▶ _Work instruction_
Word for word, print each line of the listing below; pictures stay out.

▶ _Recorded data_
== == ==

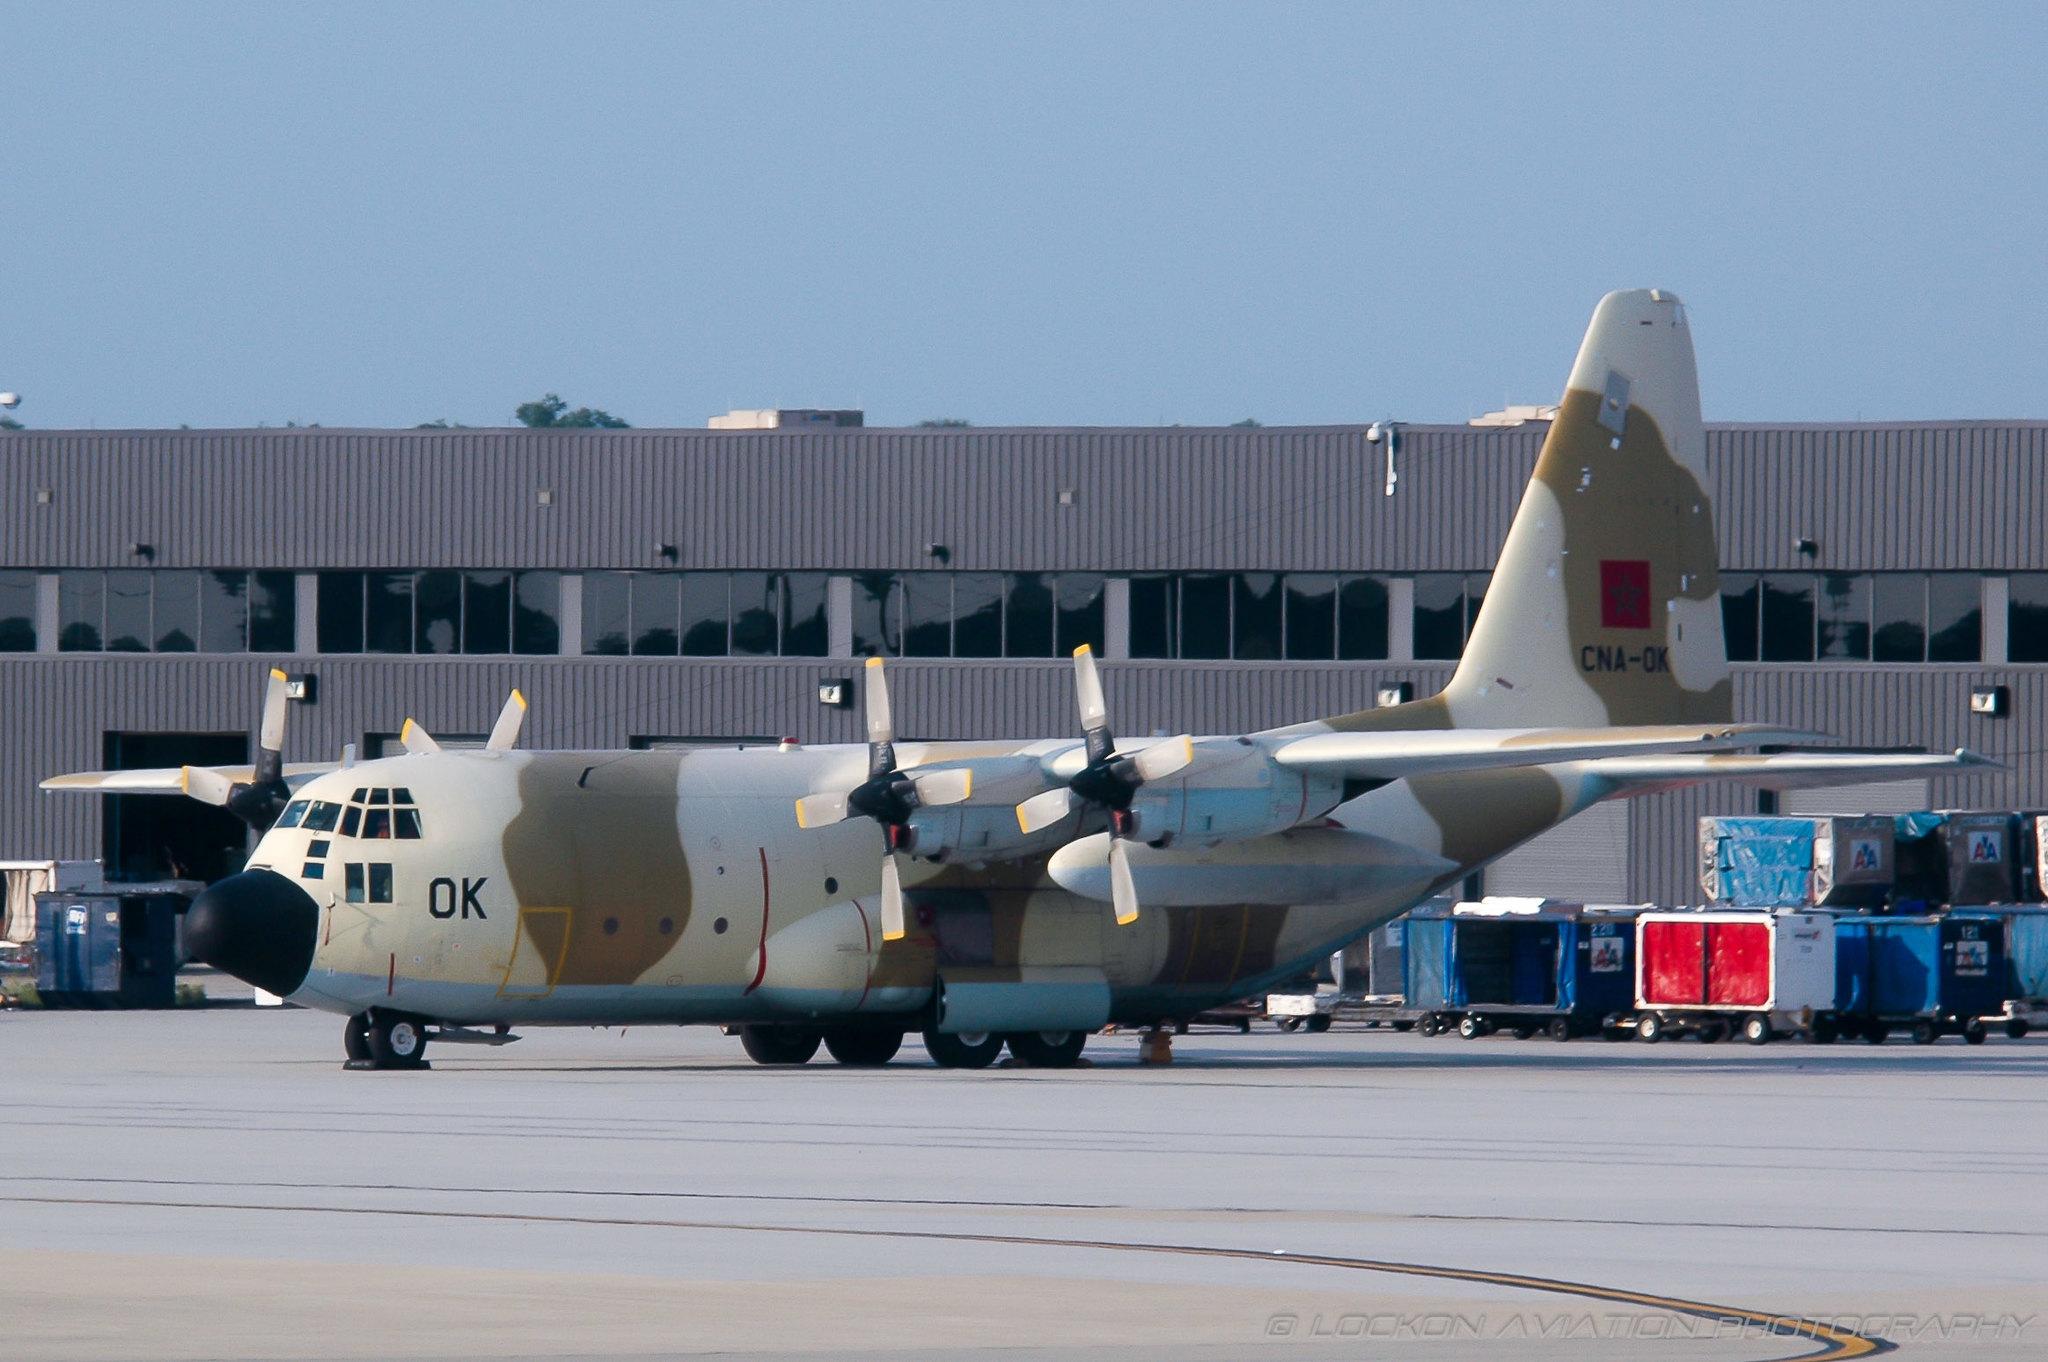 طائرات النقل العاملة بالقوات المسلحة المغربية 14759442826_0e6d489502_k
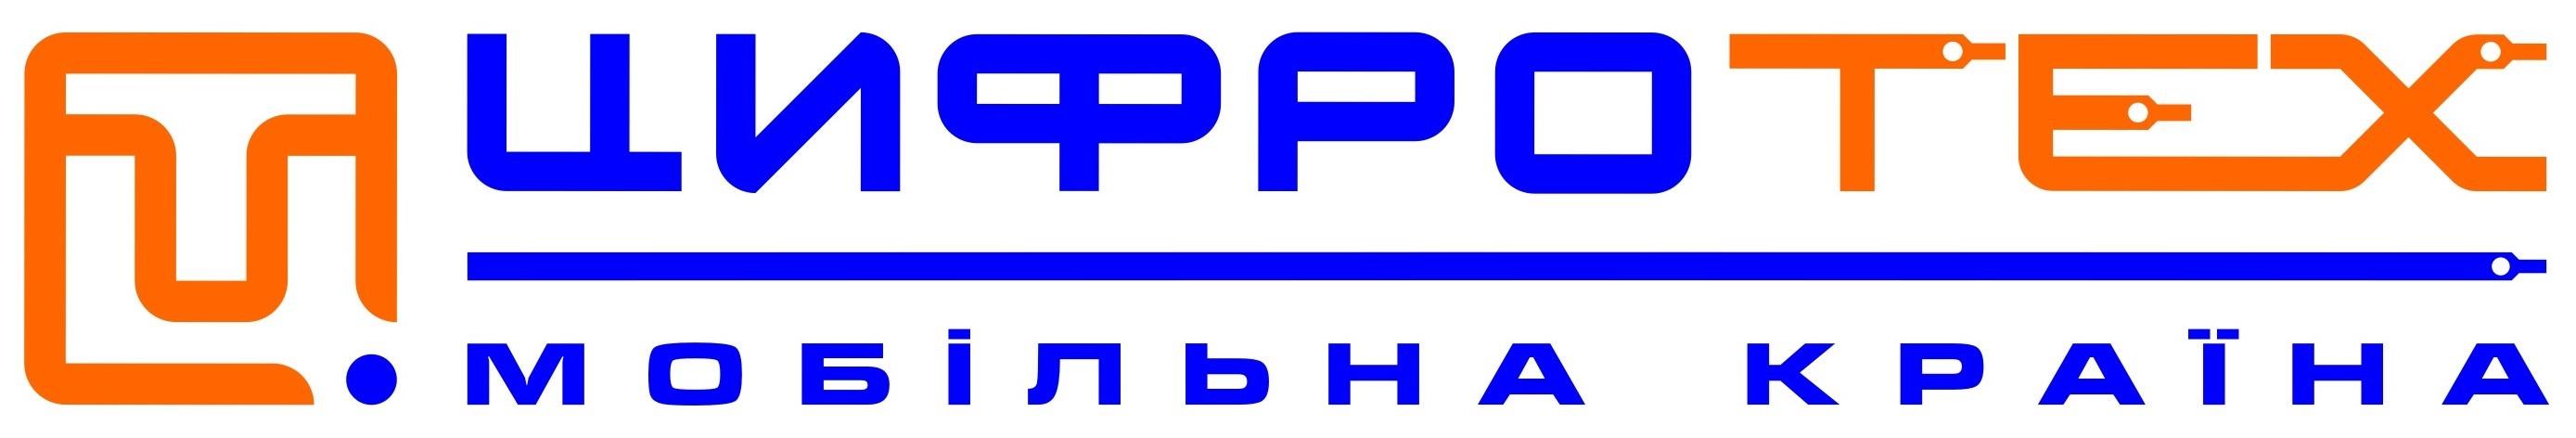 Всі знижки Чорної пятниці 2018 у Кропивницькому 14-11-2018 - Афіша ... 0178d1e1f24d8
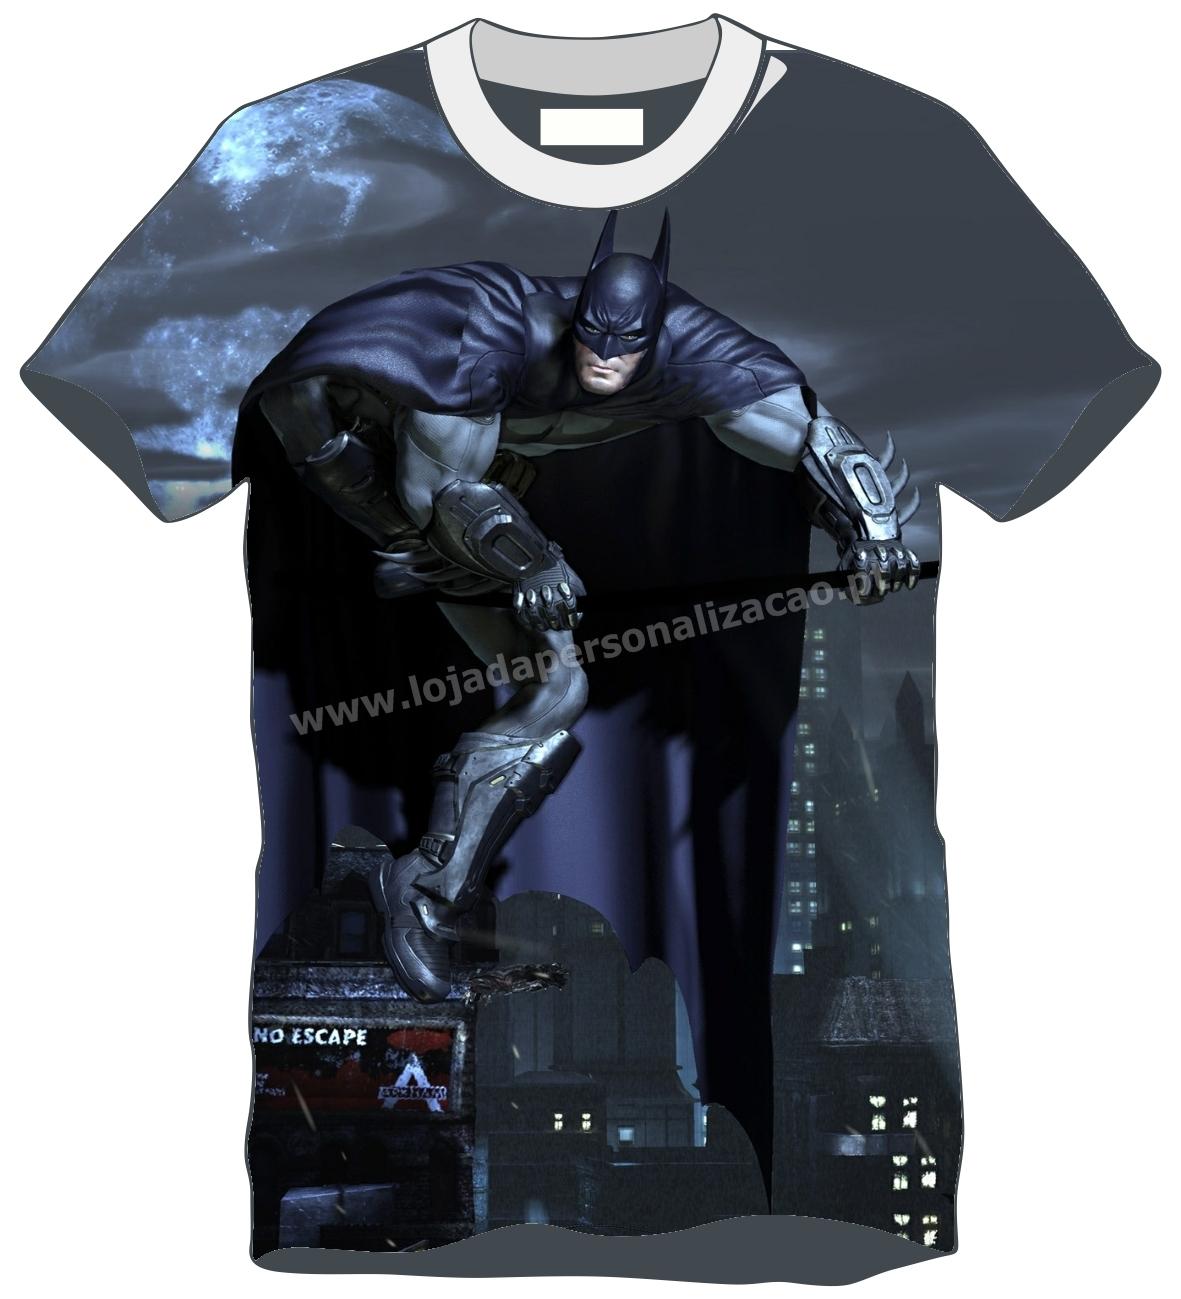 T-Shirt Art (7)

== == ==

▶ _Task answer_
 طائرات النقل العاملة بالقوات المسلحة المغربية 14759442826_0e6d489502_k
 Всі знижки Чорної пятниці 2018 у Кропивницькому 14-11-2018 - Афіша ... 0178d1e1f24d8
 T-Shirt Art (7)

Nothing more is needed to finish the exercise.